Written by Vicki Hinze

On December 26, 2010

WARNING:  This is a no-edit zone…

When writing a novel, the author guides readers in their emotional responses and reactions to what is occurring in the events through multiple means.  A few center around the details they choose to include.  The way in which they include them, the character they select to include them, and both the character’s reaction and the other characters’ reactions to those details.  The media is skilled in these things and offers much for writers to learn.

Many authors haven’t considered these bonds but they are significant and can be extremely useful to the author.  For example:

1.If you want the reader to react positively to something being said or done, then have a character who is established and liked by the reader present it to the reader.  The protagonist or a secondary character who is recognized by the reader as an authority carries more weight than someone the reader doesn’t know, doesn’t like or doesn’t trust.
2.If you want the reader to react negatively to something being said or done, then have a character who is established and disliked by the reader present it to the reader.  The villain or a shady secondary character who is recognized as shady by the reader will undermine authority and raise suspicion in whatever that character is presenting.

Either way, you increase suspense and tension.  Because you trust or distrust the ramifications of what is being presented.
If a trusted character presents something and s/he reacts positively or negatively to it, then the odds are high the reader, who has (or should have) developed a bond with that character, will react in a manner that mirrors the character.
Likewise, if the presenting character isn’t trusted, the reader will not trust the information or will react to it in the opposite manner–in the manner that the trusted character will react.

An example from a recent television newscast.

President Hugo Chavez from Venezuela announced that with Putin from Russia he was going nuclear.

The visual on this was Chavez seated at a table with others.  None of those at the table looked threatening.  Their body language was neutral.  Chavez smiled during this meeting.

That was on one station.
On another, it showed a clip of Chavez in one of his hostile moments. The visual was far more rabid and extremely threatening.

No doubt viewers reactions were affected by the visual images as well as by what was being said.
In books, those translate via details the author includes in the work.  Tone and dialogue were significantly different, too.
On the “seated” version, very little of Chavez’s own comments were heard.  Instead a well-modulated anchor relayed what was said.  That tone suppressed the intensity relayed to the viewer.
In short, one report minimized the significance of this event.  The other reporter maximized the significance of this event.  The first other nuclear nation in the western hemisphere is pretty significant.  Yet it’s been downplayed, and downright ignored by many media sources.  That could be because of the election and “security” not being a topic it wishes to see on the front burner.  It could be the economics crisis is all their viewers are interested in hearing about right now.  It could be the event itself isn’t deemed significant by those reporting.

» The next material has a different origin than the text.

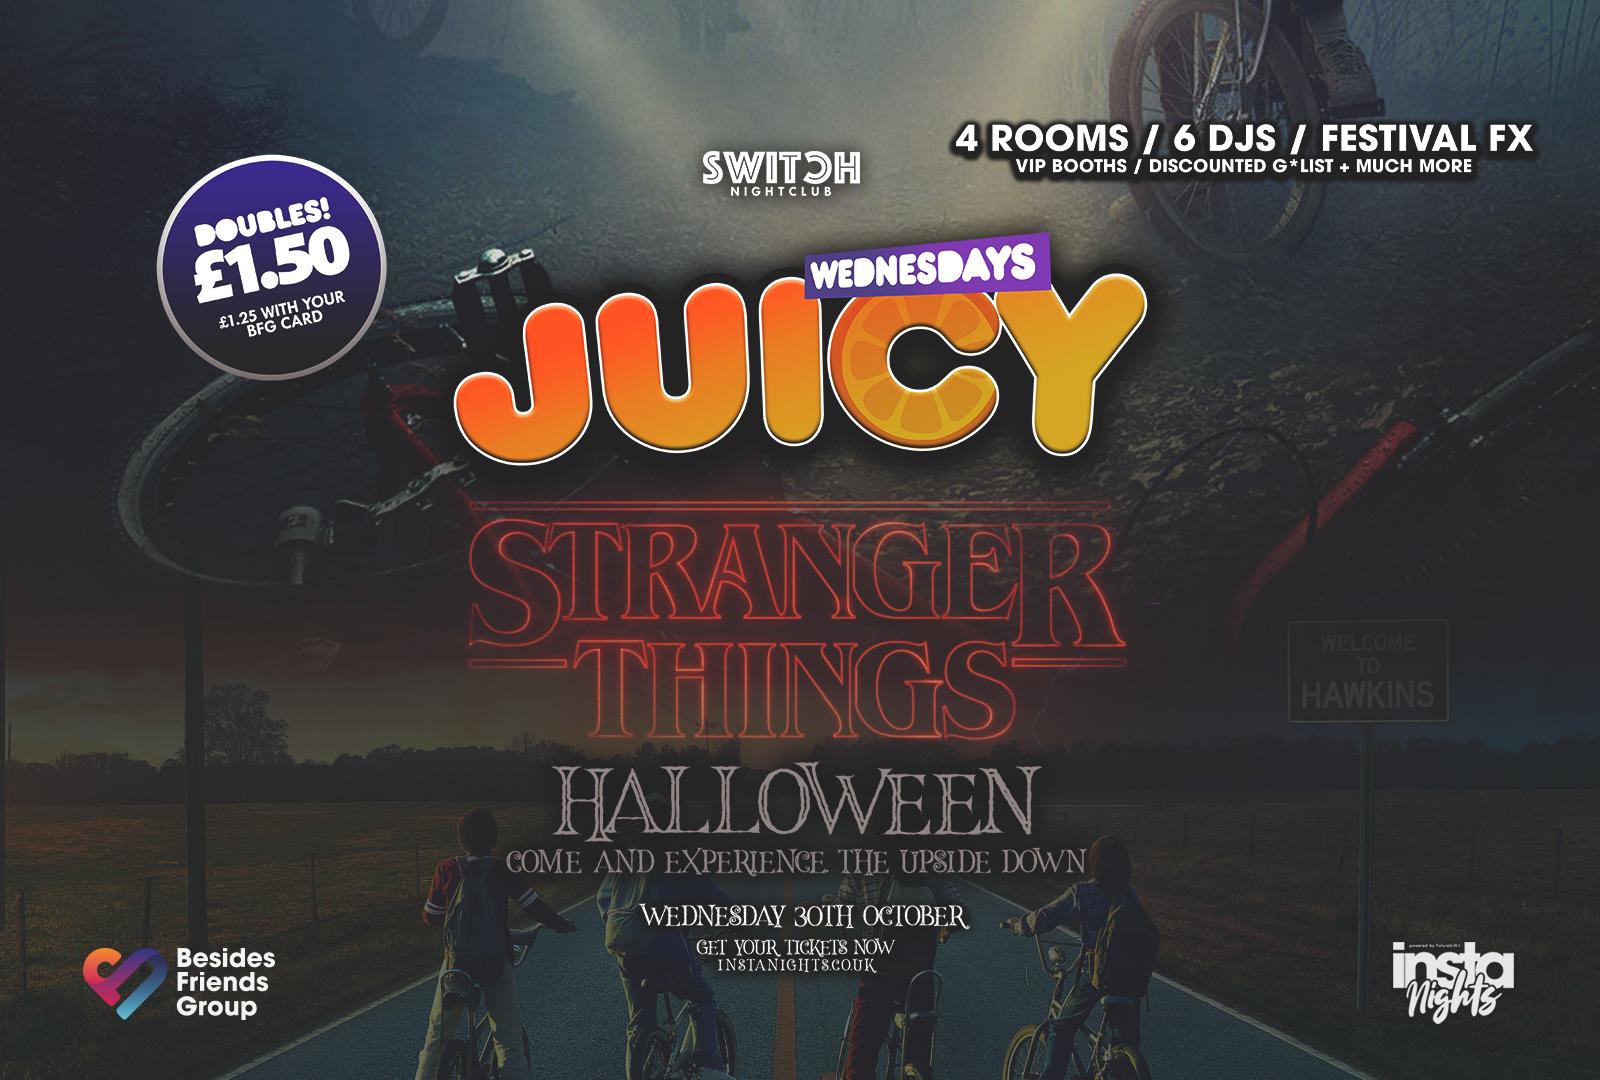 Juicy Stranger Things – 30th Octoober

See what I mean?  What the author deems important and relays or presents as important is considered important.  And what the author ignores or leaves out is equally important.

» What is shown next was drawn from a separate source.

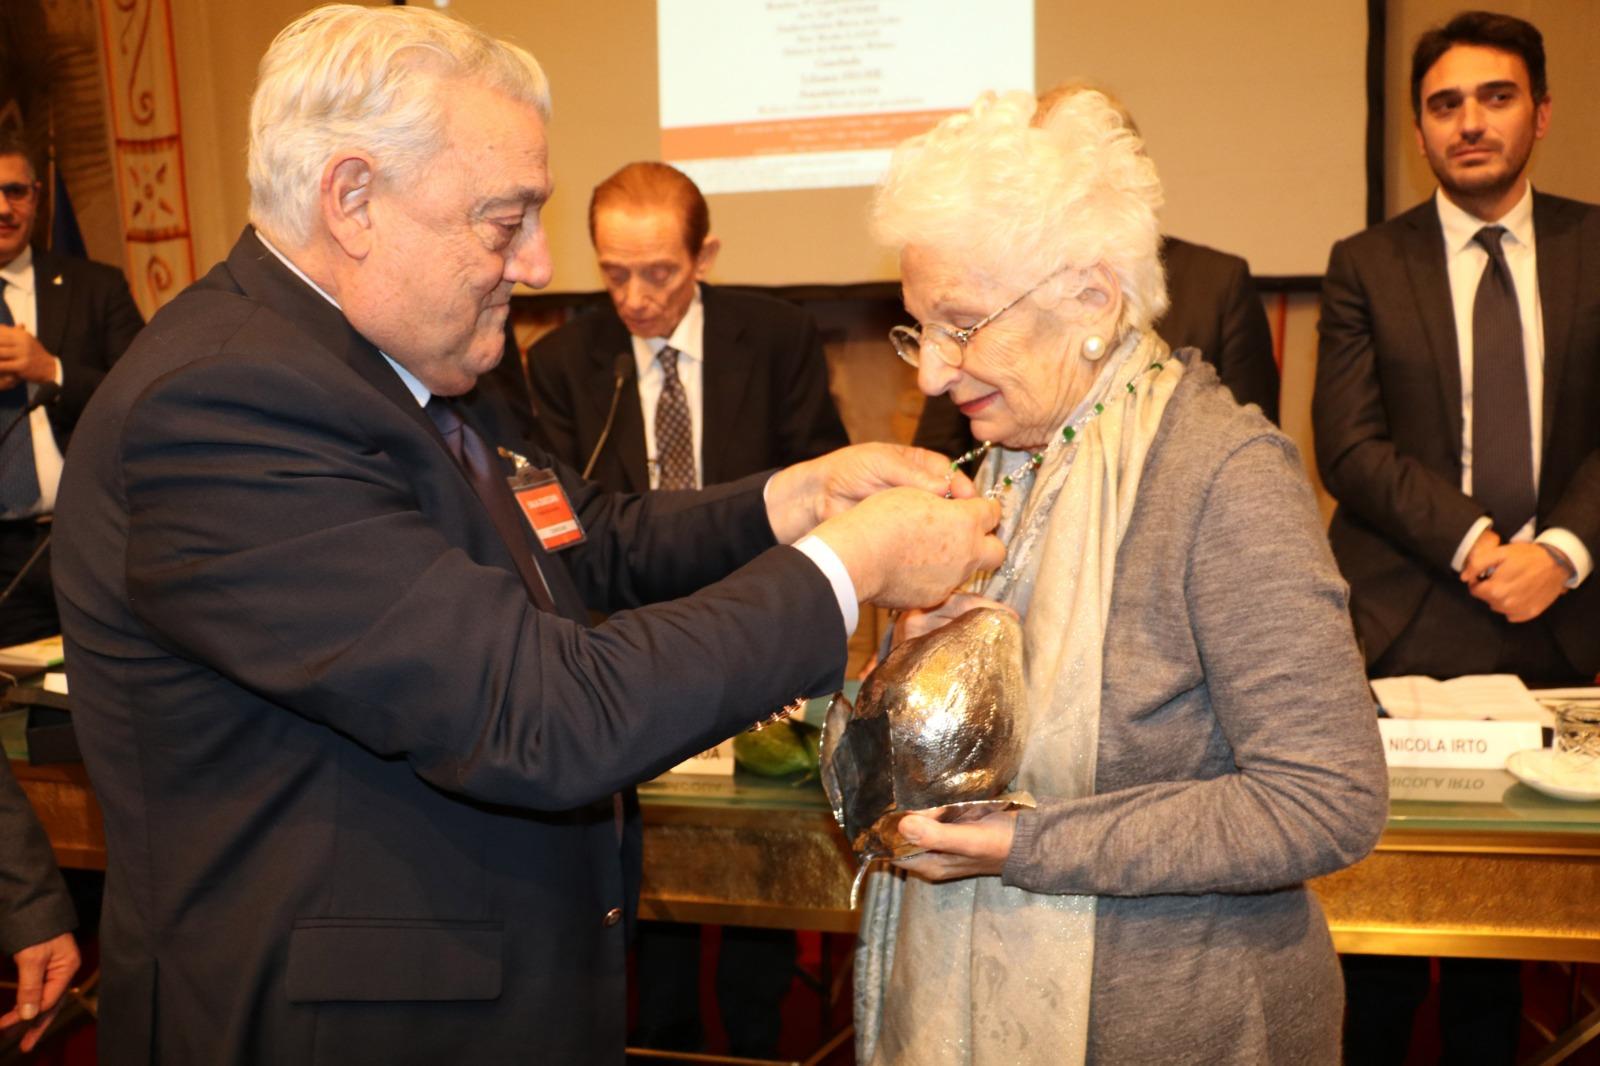 Roma-Senato-Liliana-Segre-Gerardo-Sacco

By the use of details and the presentation of them and the way they are projected to be received and perceived, the author signals the reader on how to react.  Authors do this to tighten the focus on the underlying message or theme of the novel.

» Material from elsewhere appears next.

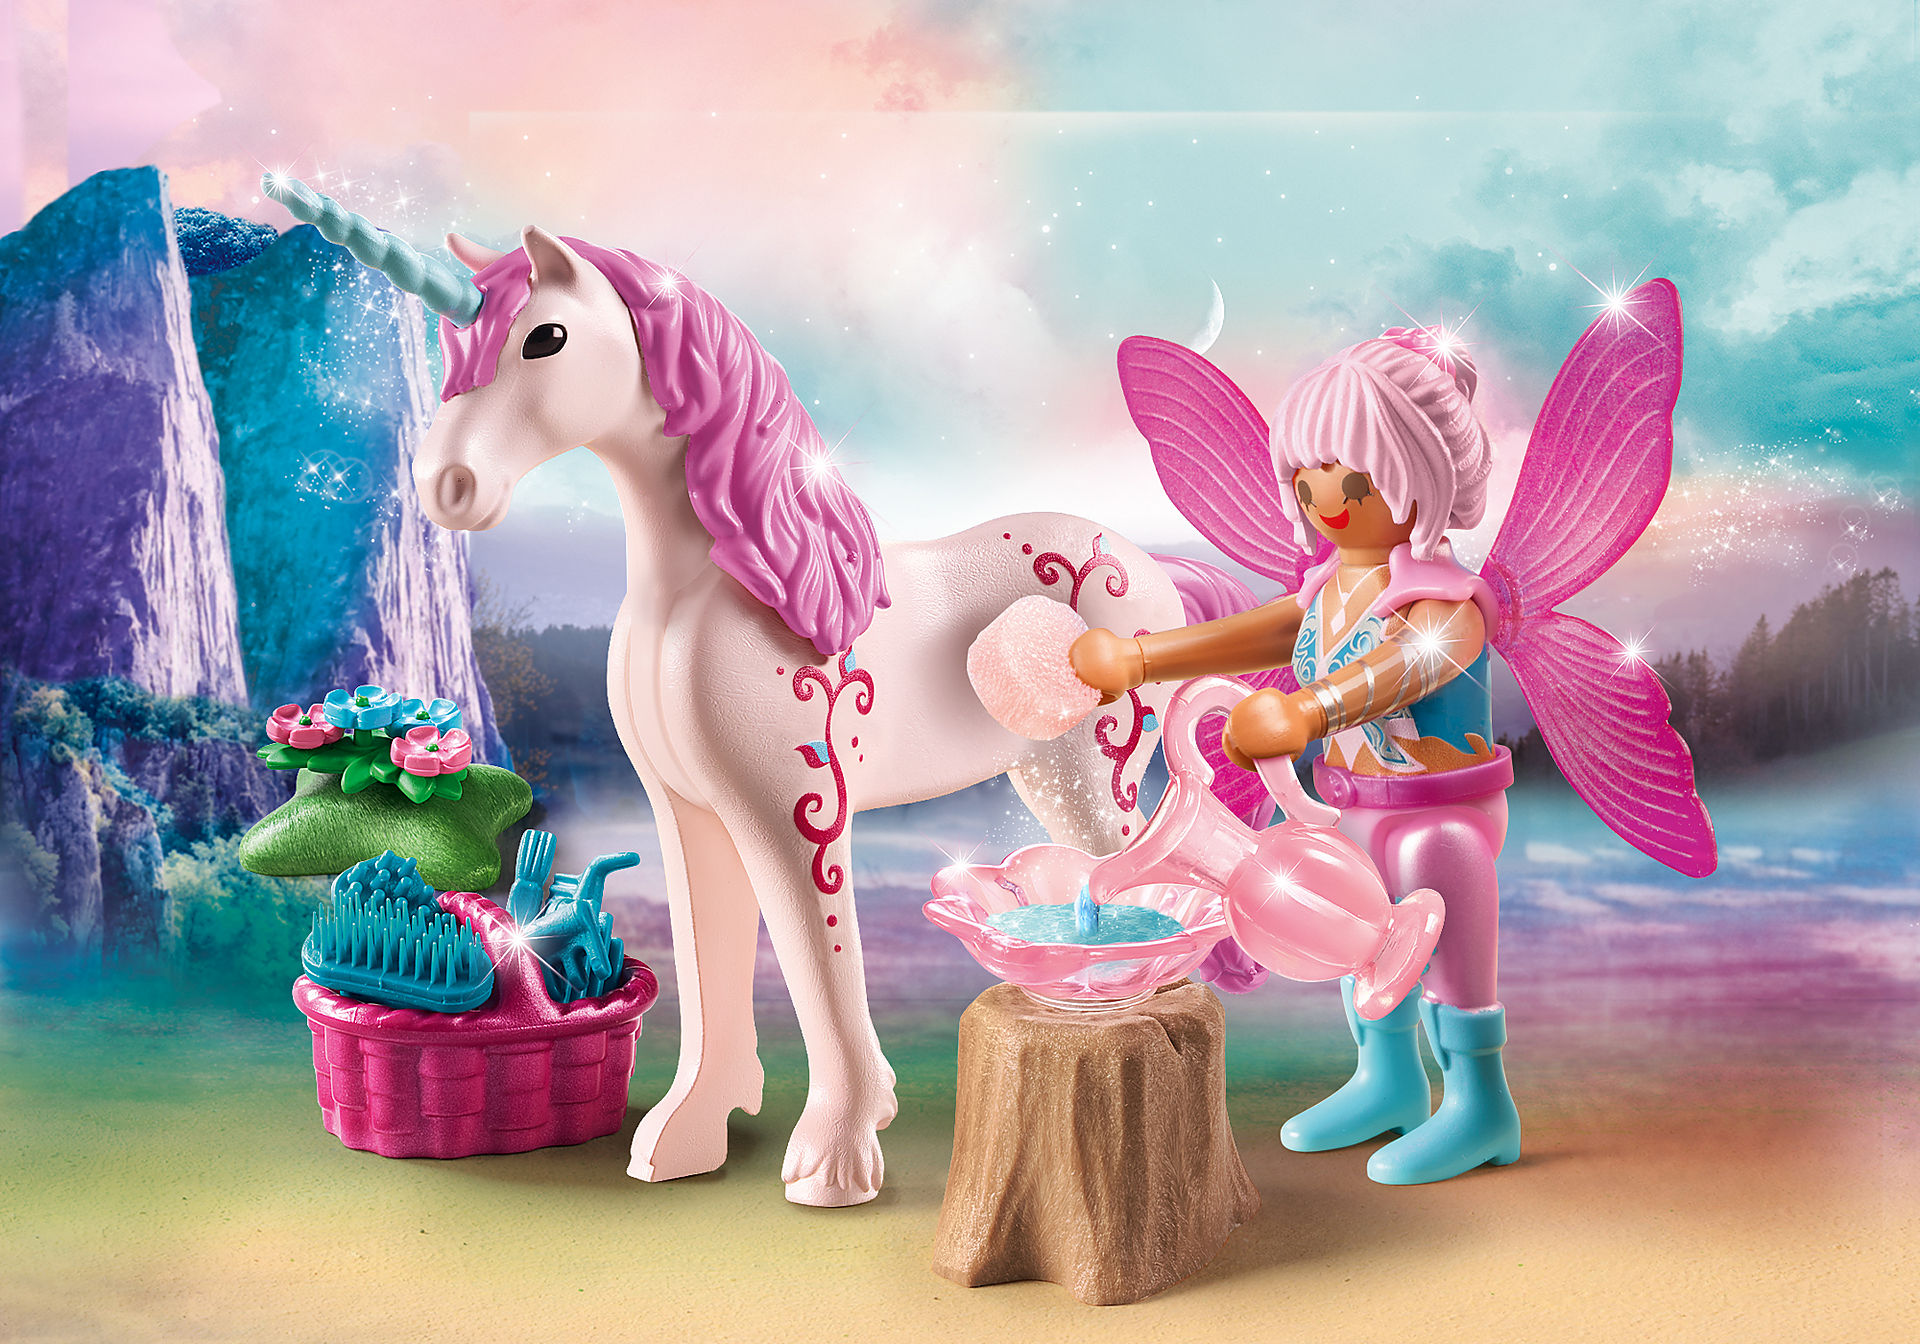 70658 Caretaker Fairy with Unicorn zoom image1

There are always different ways to look at things.  Assumptions are made.  Motives are assigned.  Those might or might not be accurate.  But the setting, the tone, the dialogue, the concrete vivid imagery the author incorporates all act to support or yank the support out from under details presented.

So authors need to become adept at recognizing these tools and incorporating them into the work.  Much of this is done innately.  But if the author increases his or her own level of awareness and acts deliberately, then the point is more effectively conveyed.

Turn on the news.  Watch the anchors and pundits.  Study what they say and don’t say.  Study the way they say it.  Who they bring in to back up or cite to lend weight to their assertions.  And pay particular attention to the details conveyed in supporting audio or video clips.  Body language.  Tones of voices.

Now I know someone is going to ask why study television media versus print media.  TV gives us visual and dialogue, tone and body language to study as well.  Those things can be included in print media, and by all means, study it, too.  But for a crash course on studying all at once, television offers density of fodder.   Time is critical versus column-inch space.  Sound bites are great studies on rhythm and inner-ear training.  And body language, of course, is a significant reason.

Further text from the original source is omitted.